# Kayak Cradle Made Easy



## rodrocket (Apr 24, 2012)

Hi,
just made a cradle for new PA12, though would work for other yaks.
Thought someone else may find this useful.
Used.
4 x Jumbo pool noodles with 25 mm hole. 100mm diameter. KMart, Big W.
8 m 25mm diameter (external) plumbers pipe.( 2x3m, then cut in half, for length in this case)
4 x 90 deg connectors 25mm internal 
2 x "T" joiners 25mm internal
Glue, obviously
Total cost about $80
Total time about 1 hour.
Laid pool noodles with tubing in position on upturned hull.
Made measurements for cutting allowing for tube insertion into connectors. Do long tubing first.
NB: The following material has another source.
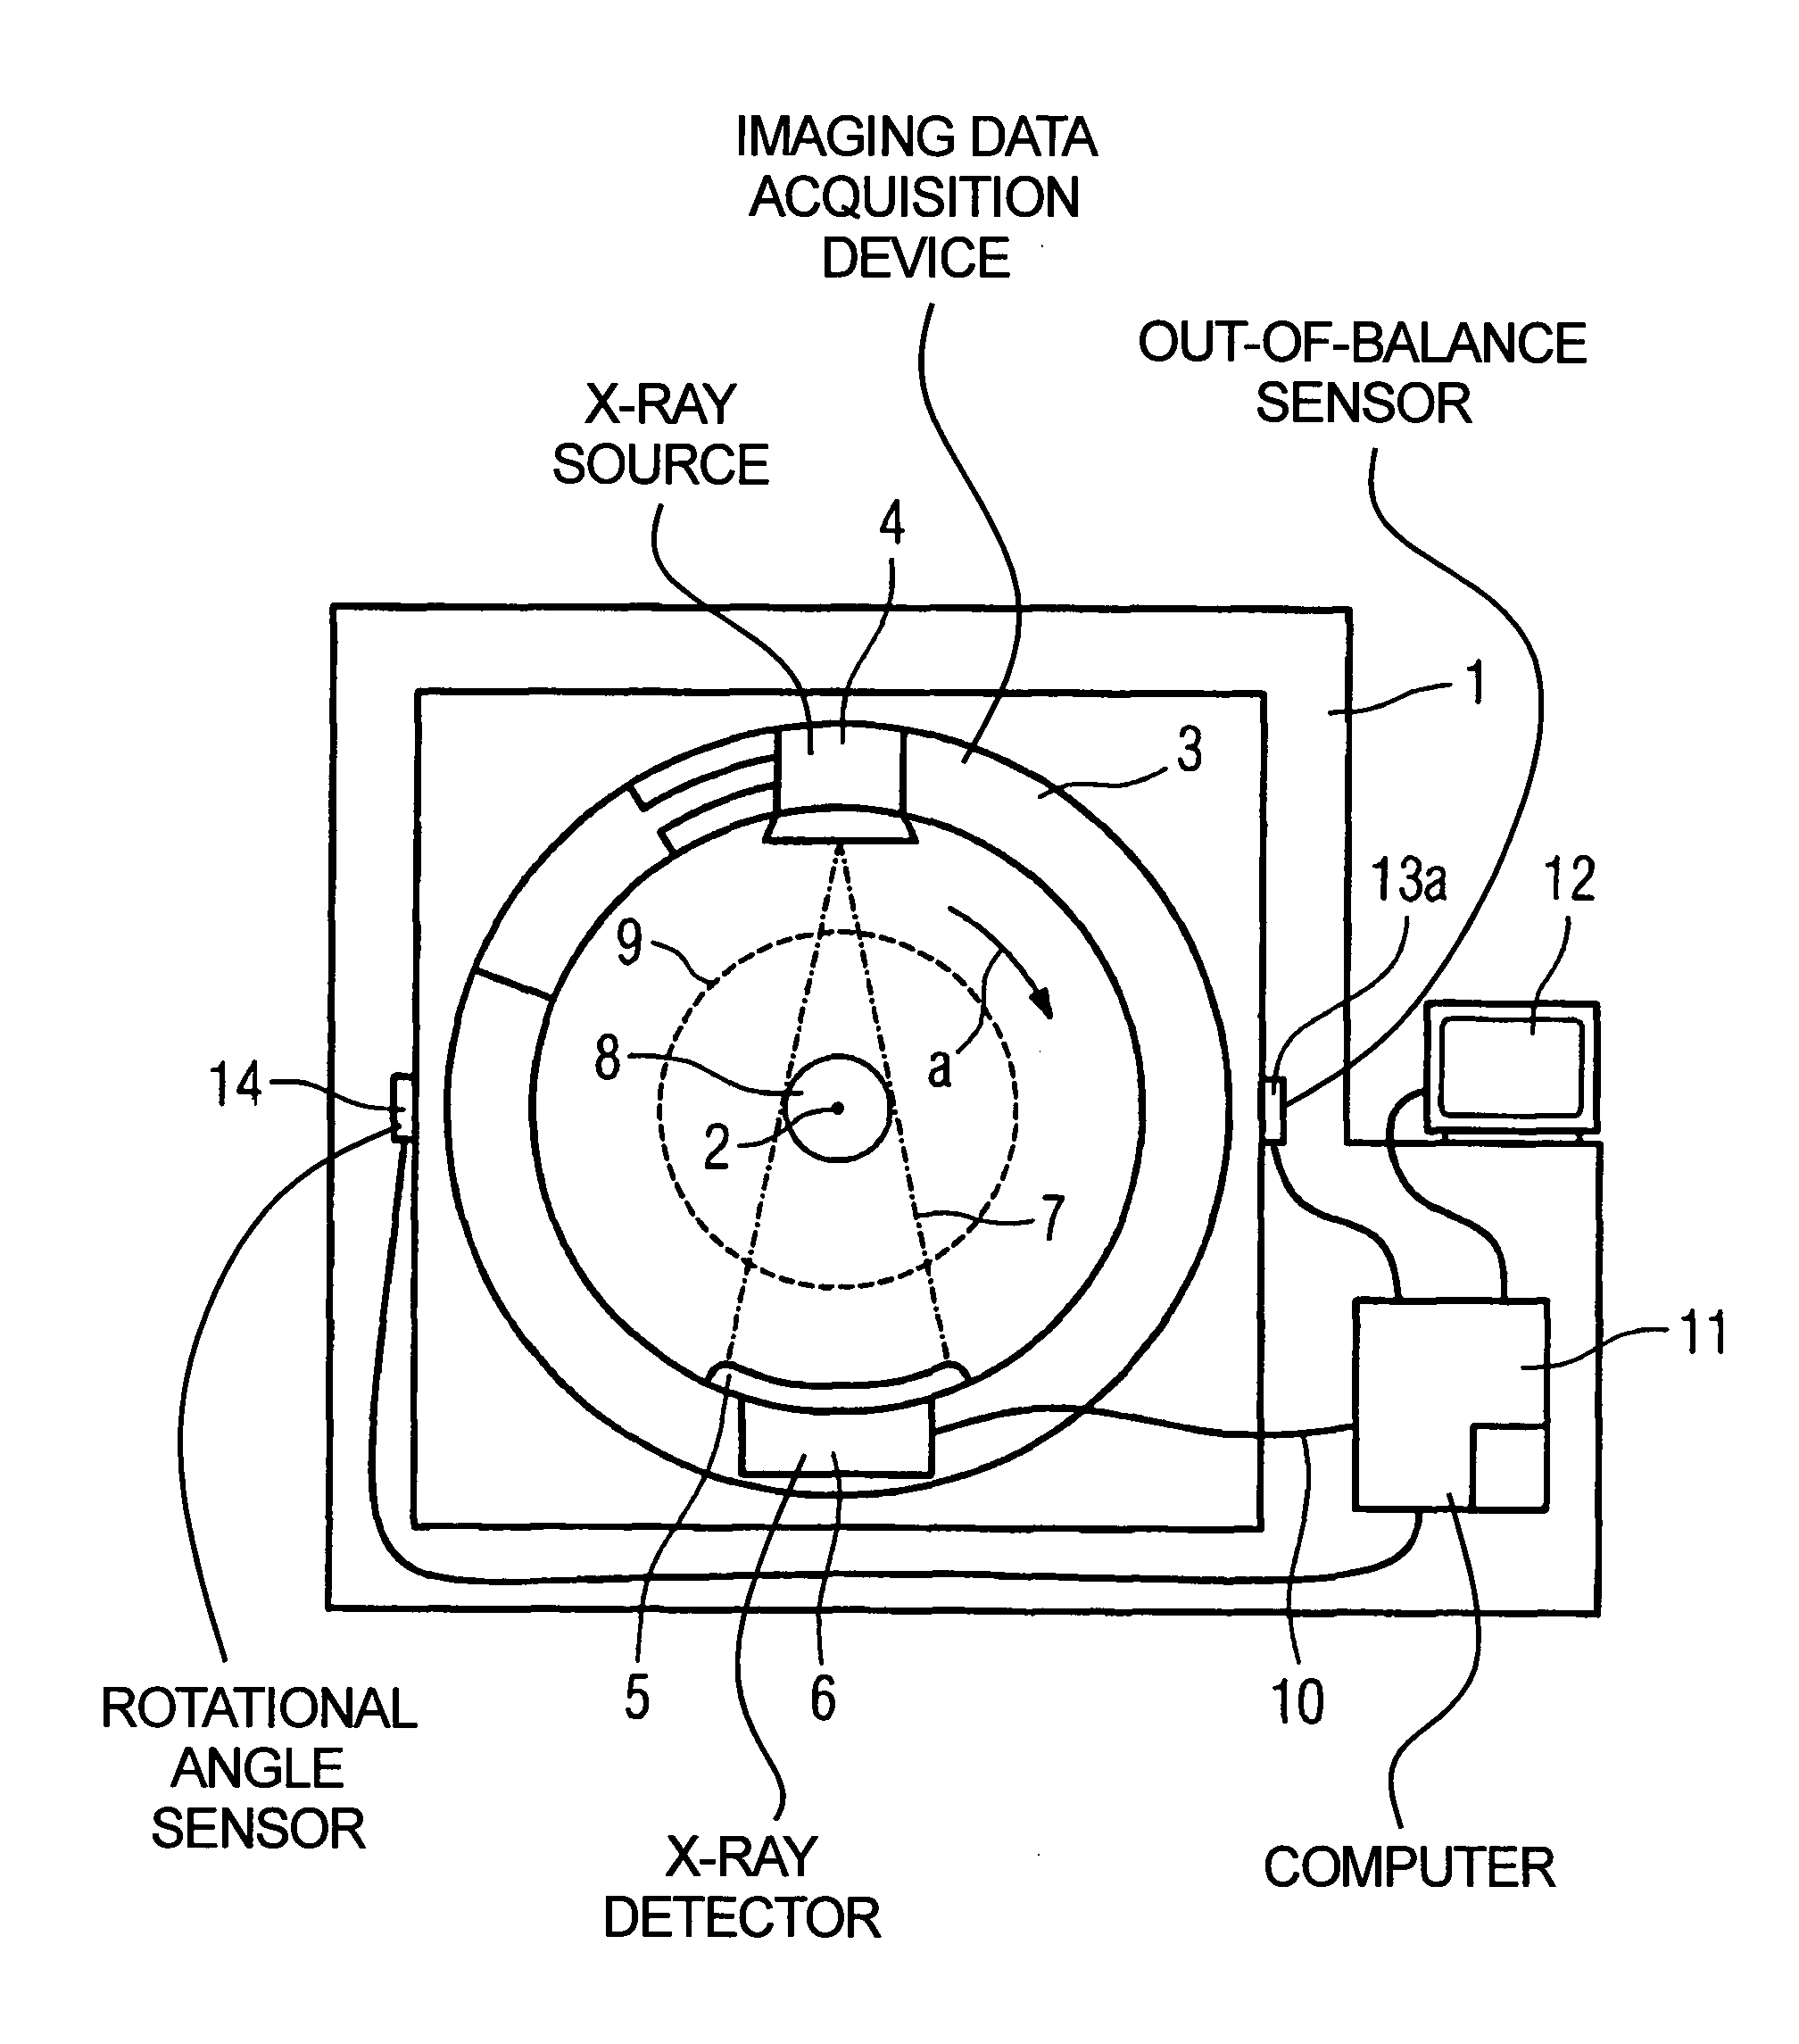 Method for compensating and out-of-balance condition of a rotating body

Then cross beams.
Apply glue to joints and adjust quickly to correct positions b4 glue sets.
"Tip" Put newspaper on hull where you do joins/glue to avoid mess on hull.
Glue takes 5-20 min before you can move cradle. 24 hrs for full strength.
Additional cross supports could be added if you want more strength.
Cradle with yak on it can be dragged around no problem.
No chance of scratching or "moulding" vs hard surface stand as weight evenly supported.


----------



## rodrocket (Apr 24, 2012)

Hey, you're partly right  
They were out of "Starboard coloured Jumbo Pool Noodles" dammit..... :lol: 
The red is on starboard side when it's upside down. 
It's correct when rightside up. See last pic.... ;-)
Having said that, with PA's it's hard to know which way they are heading sometimes......  
Almost kosher. 
Cheers.


----------